Mountain research spotlight: Lachlan Fleetwood

This post marks the first in the series of our ‘mountain research spotlights’ series, sharing the work and insights of colleagues working on mountains across the humanities (and beyond). 


Name and institution: Lachlan Fleetwood, LMU Munich

Research summary: My first book is a history of science and empire in the Himalaya, and shows how altitude – and altitude above sea level in particular – became the category that made some mountains matter more than other in the early nineteenth century. This valorisation of altitude is something that echoes down to the present, perhaps most explicitly embodied by the annual queues that form on Everest.

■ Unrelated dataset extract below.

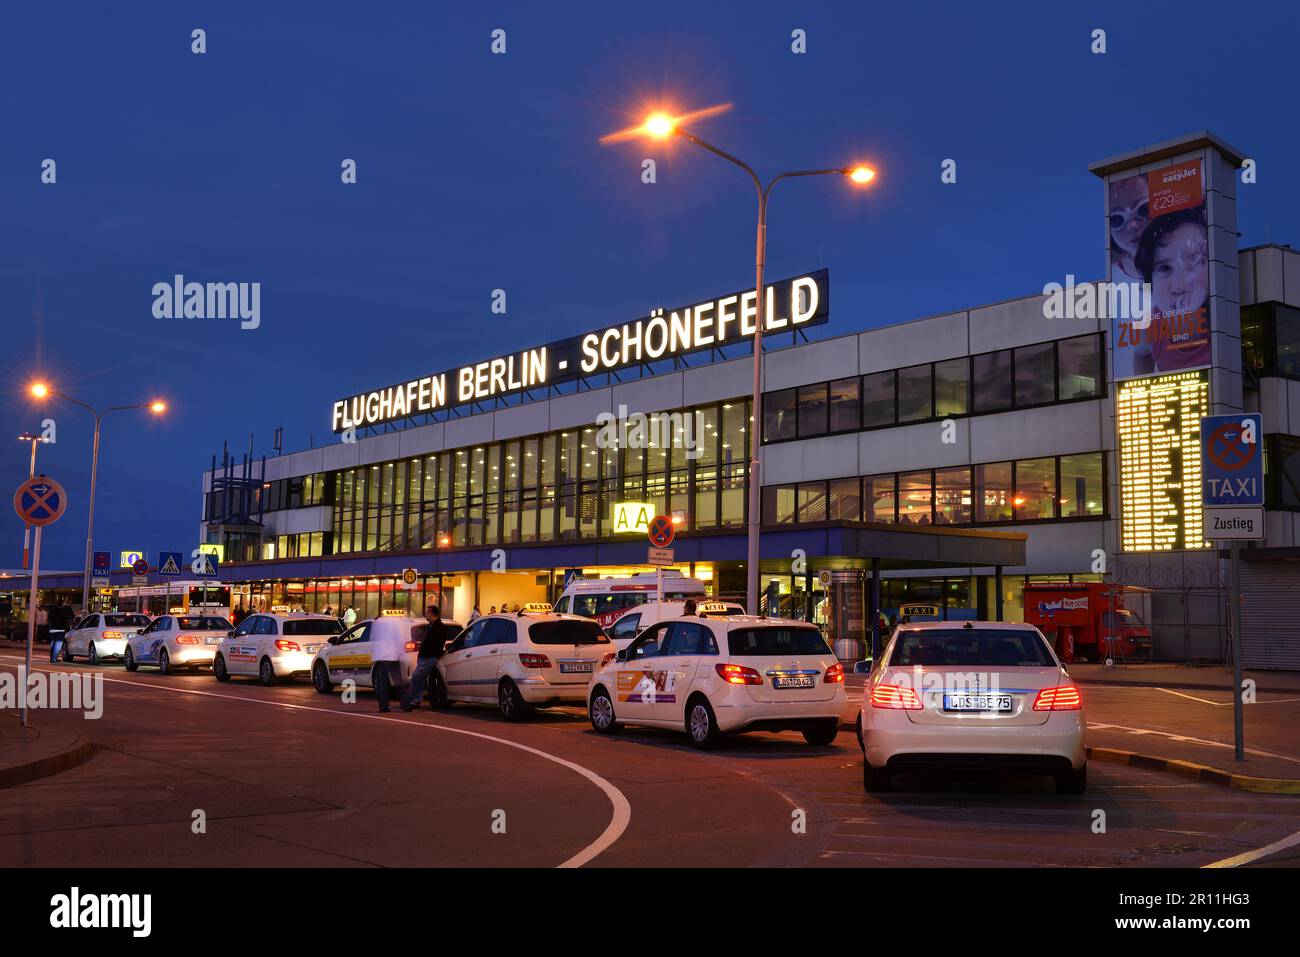 Aéroport de Schoenefeld, Brandebourg, Allemagne Banque D'Images
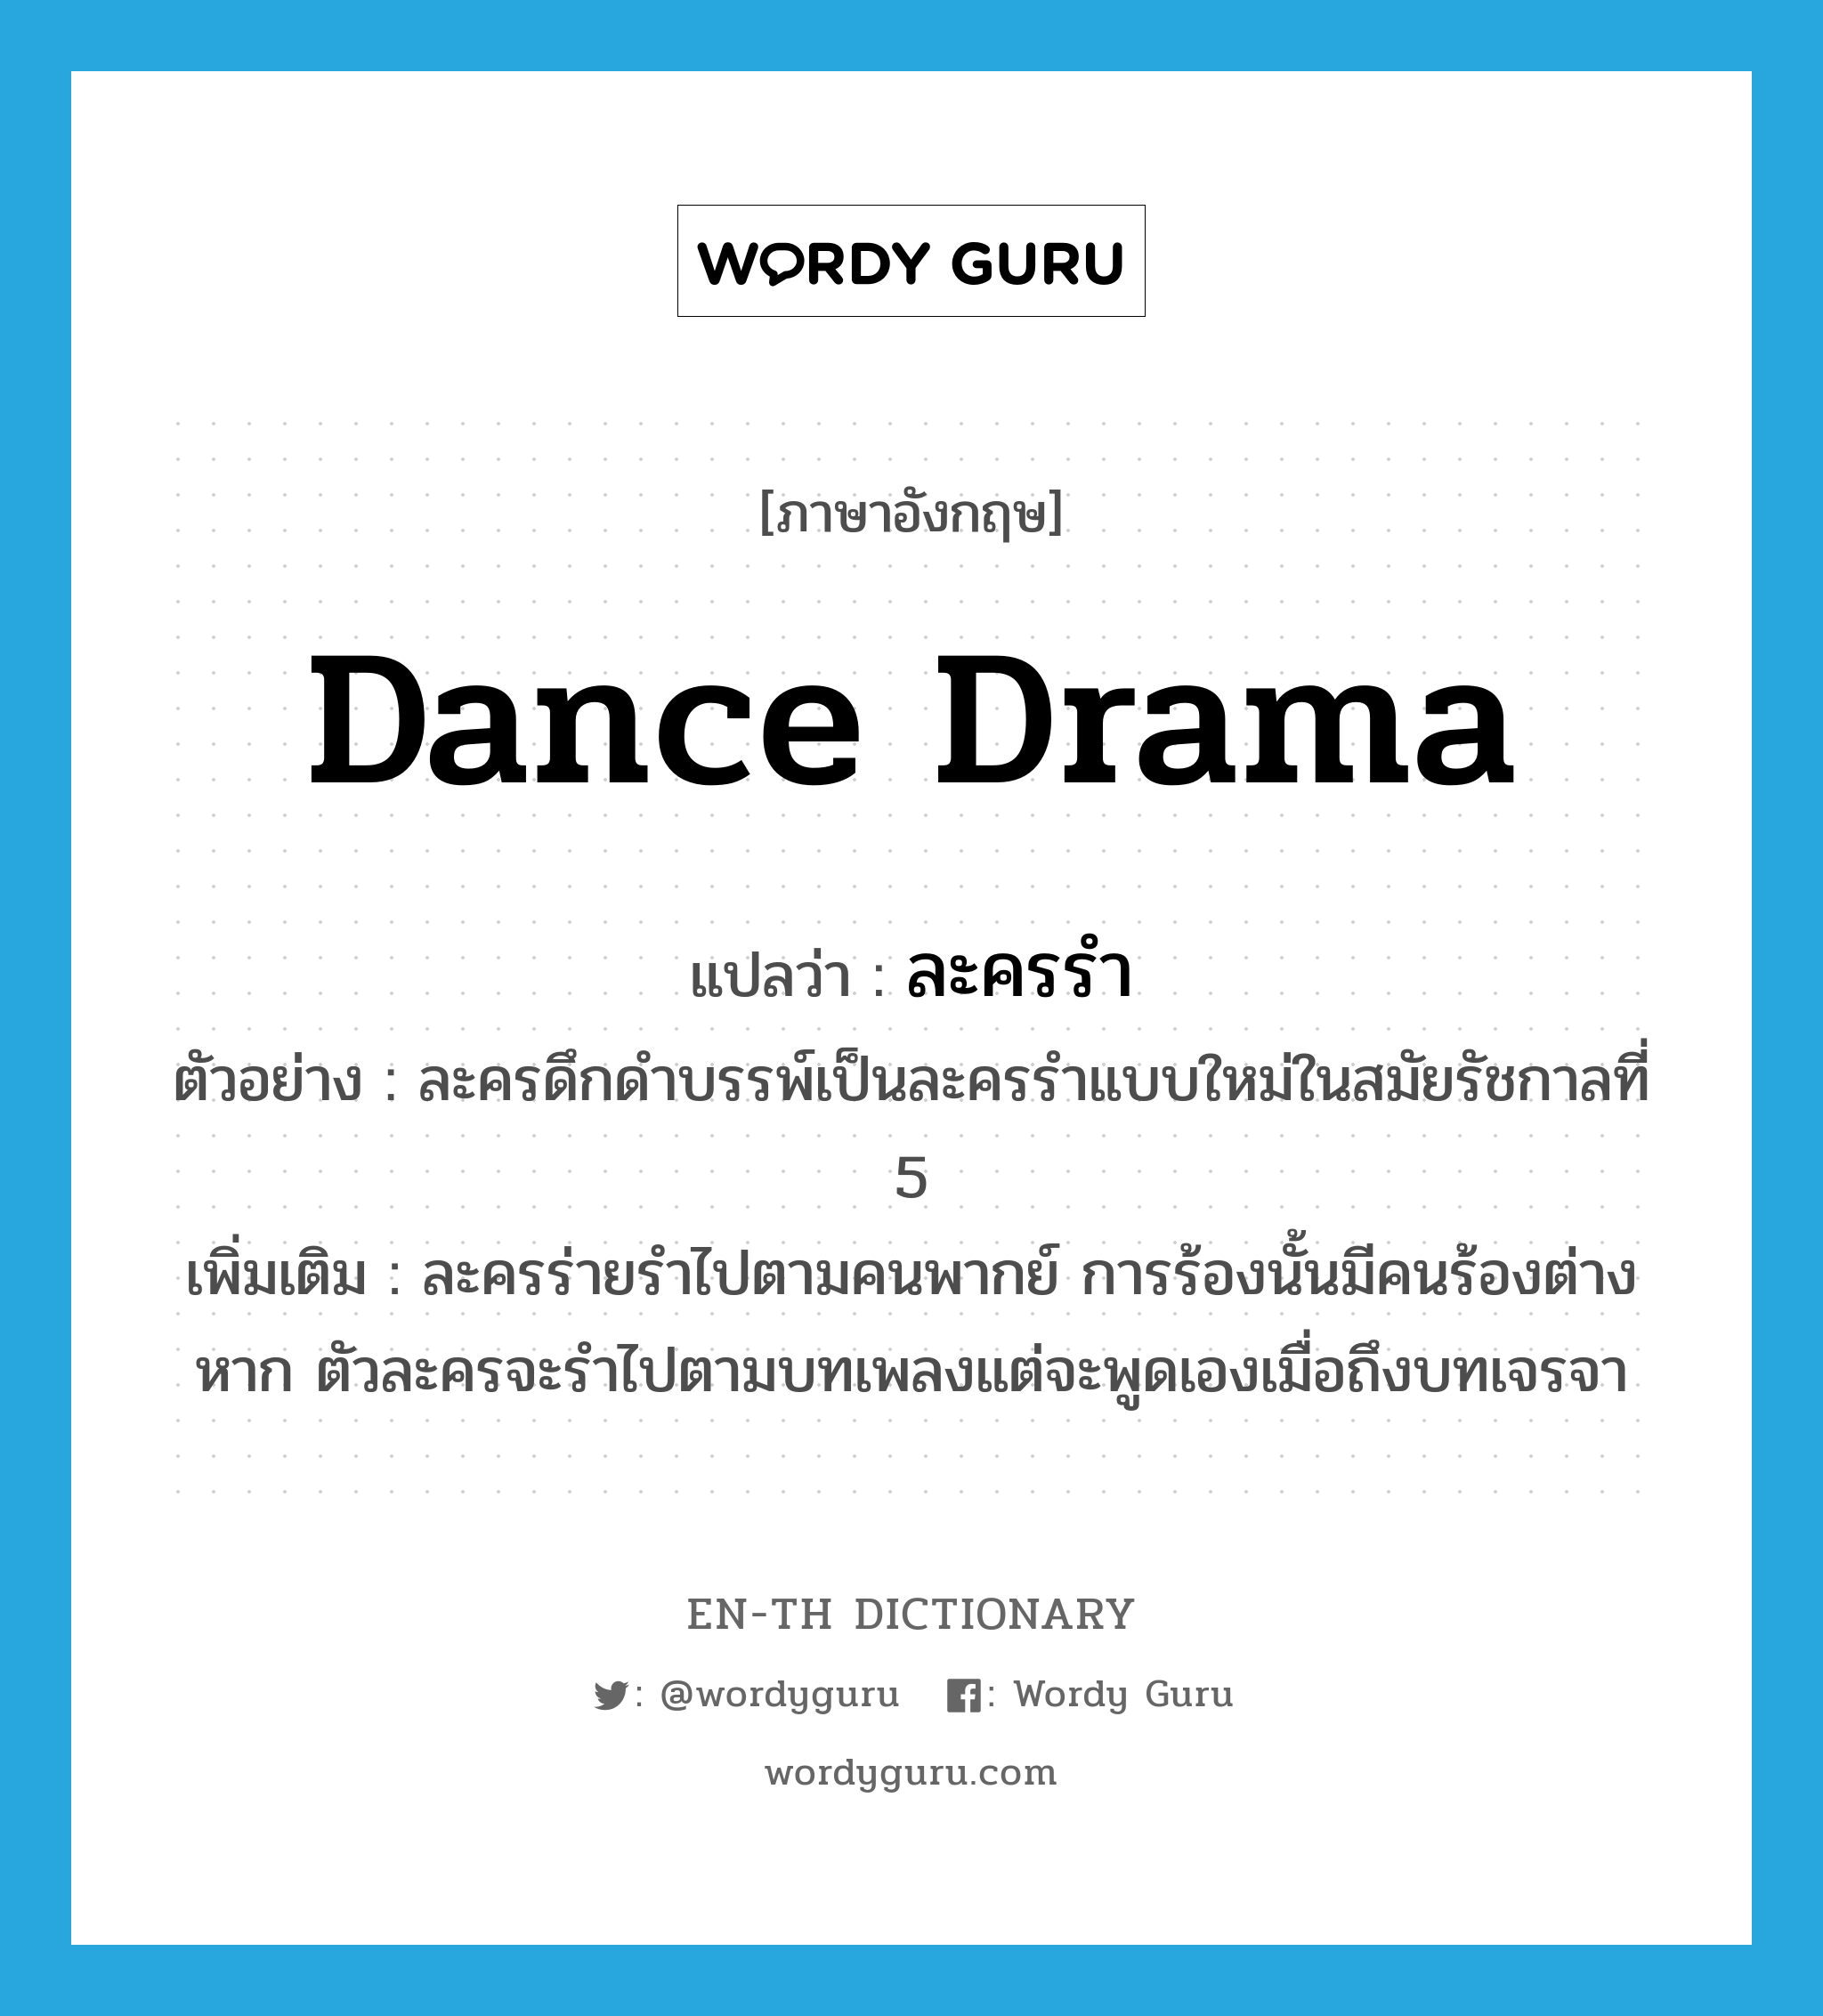 dance drama แปลว่า?, คำศัพท์ภาษาอังกฤษ dance drama แปลว่า ละครรำ ประเภท N ตัวอย่าง ละครดึกดำบรรพ์เป็นละครรำแบบใหม่ในสมัยรัชกาลที่ 5 เพิ่มเติม ละครร่ายรำไปตามคนพากย์ การร้องนั้นมีคนร้องต่างหาก ตัวละครจะรำไปตามบทเพลงแต่จะพูดเองเมื่อถึงบทเจรจา หมวด N

My research tells the story of the imaginative, scientific and political shifts that brought this about, and aims to demonstrate how mountains can serve as scales for new histories of science, empire and environment.

Do you define yourself as working within the mountain humanities / mountain studies?

I am perhaps most explicitly a historian/historian of science with interests in empire, geography and environment, though I also have a strong affinity with the work of historical geographers and South Asianists. I have worked closely on mountains (especially the Himalaya) and certainly see myself as engaging with mountain studies writ large (including work by literary scholars and anthropologists). Of course, as my PhD supervisor would not infrequently ask – what, if anything, is distinctive about mountain as spaces for questions of empire, science, labour etc. This is something I still grapple with, and a question which I hope the ‘Mountain Humanities’ can address.

More recently I’ve been drawn – as I think many of us have – to the umbrella of ‘Environmental Humanities,’ of which the Mountain Humanities must I think be a part. This provides opportunities not only for engagement across disciplines in the humanities (for example between history and literature) but also with natural scientists, as seems essential in addressing pressing Anthropocene questions and consequences, many of which are particularly visible in mountain spaces.

I should also say that I am interested in not only mountains but also other geographical spaces that are often seen as ‘extreme,’ or as aberrations from lowland or temperate/European norms. Indeed, my current project is a history of climatic sciences and environmental determinism in the mountains – but also especially the deserts – of Central Asia. The research is as much about arid as upland regions/mountains, though I trace the similarities in terms of imperial imaginative geographies (i.e. around the limits of habitability) and also have the direct relationships between uplands and lowlands in mind.

Tell us more about your latest book?

“When, how, and why did the Himalaya become the highest mountains in the world? In 1800, Chimborazo in South America was believed to be the world’s highest mountain, only succeeded by Mount Everest in 1856. Science on the Roof of the World tells the story of this shift, and the scientific, imaginative, and political remaking needed to fit the Himalaya into a new global scientific and environmental order. This book traces untold stories of scientific measurement and collecting, indigenous labour and expertise, and frontier-making to provide the first comprehensive account of the East India Company’s imperial entanglements with the Himalaya. To make the Himalaya knowable and globally comparable, I demonstrate that it was necessary to erase both dependence on indigenous networks and scientific uncertainties, offering an innovative way of understanding science’s global history, and showing how geographical features like mountains can serve as scales for new histories of empire.”

The book was published by Cambridge University Press in 2022, and I’ve also recently published a short essay, ‘Why does Everest matter?’ which summarises some of my recent thinking on mountains.